This morning I drove my sister and her daughter to the airport. I’ve been laughing and talking for three days straight, in a way that only happens when my sister is around. She’s the one person who will travel with me from the cradle to the grave, the person with whom I can have a five-second conversation in which no words are spoken, but advice is offered and answered and argued and resolved by means of eye contact alone. With my sister, silliness is unavoidable (dying to tell the marshmallow story, Jen, but a promise is a promise) and adventure is optional. We can putz around the kitchen or get hopelessly lost in the suburbs of Portland, drink lavender cosmos at a riverside bar or walk laps around our neighborhood park, and we’ll spend the hours perfectly entertained in each other’s company.
It wasn’t always like this, of course. We are seventeen months apart, childhood rivals for mommy’s affection. I watched her prepare for her role as Betsy Ross in the school play with such bitter envy in my heart that I appropriated the memory as if it were my own; to this day I see myself on center stage in Mom’s homemade bonnet and apron, fake-stitching the stars and stripes in time to the piccolo, when in reality I was eating my little heart out from my seat in the fifth row. (Which may explain the time I carved her initials in our dining room table in a diabolical attempt to incriminate her.) You’d understand in my place. She had the pink fake-fur beanbag, the Farrah Fawcett hair, Chemin de Fer jeans with laces up the back. Her skin didn’t break out. She could play hacky sack.
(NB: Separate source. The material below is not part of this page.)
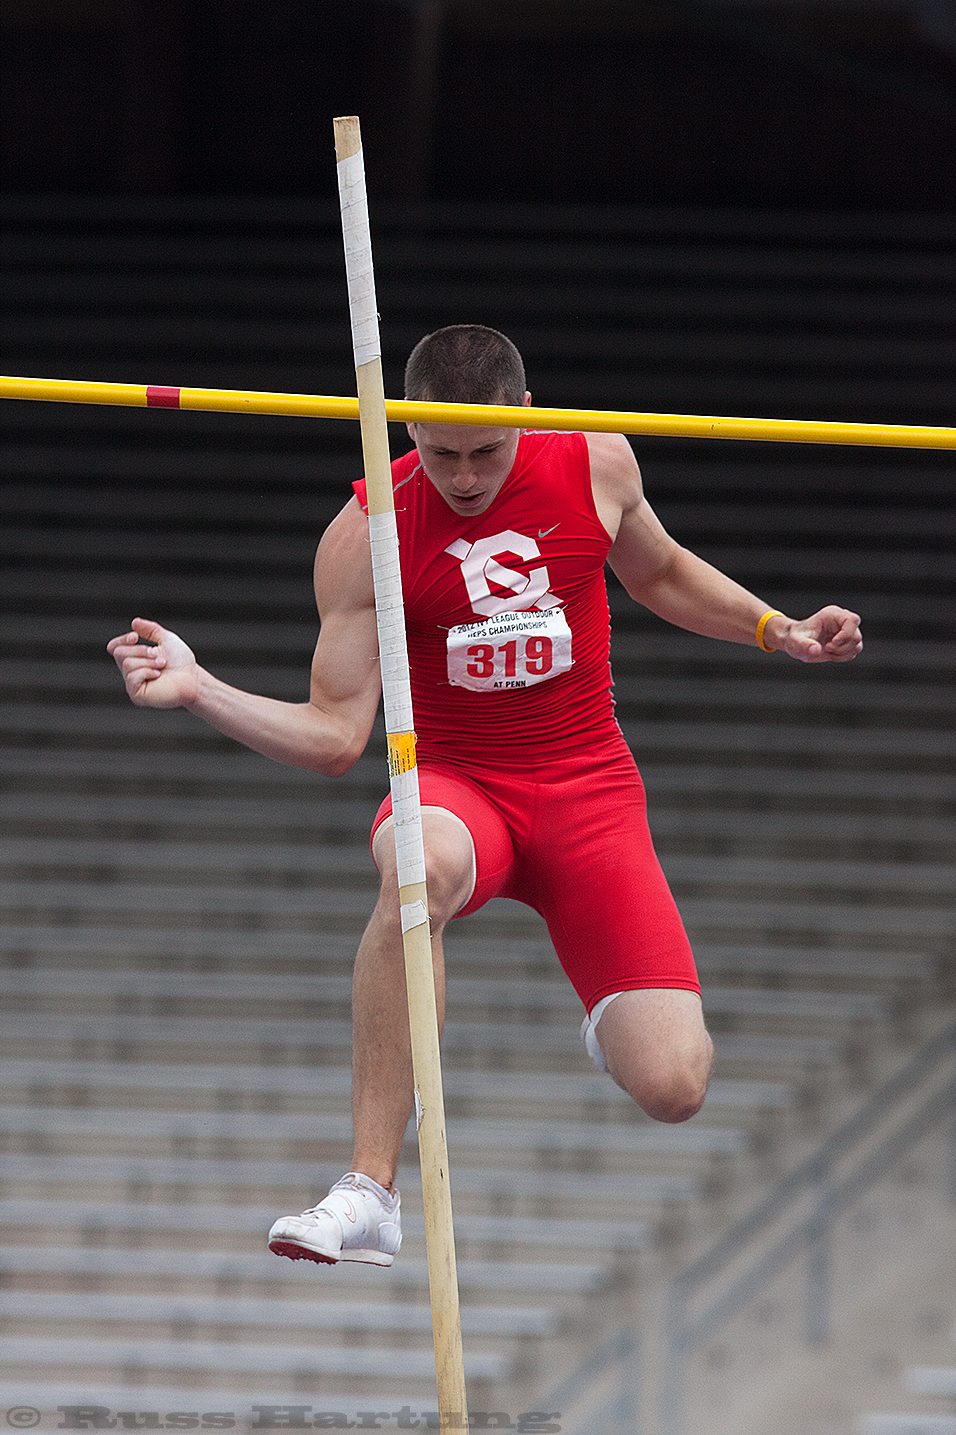 Decathalon Pole Vault event at the 2012 Heptaganol Championships at Penn.

She was a rebel in liquid eyeliner, banging her head to the Scorpions and smoking with the big kids. I was a dark little emo chick who could not make the boys understand just how easy I wanted to be. Oh, big sister. I stuffed my bra full of cotton balls, trying to keep up.
We are grown women now and the playing field has long since leveled out. But admiring my sister is a lifelong habit, as comfortable and homey as my mother’s kitchen. I wish I didn’t have to do it from afar.
What’s it like with your siblings, then and now?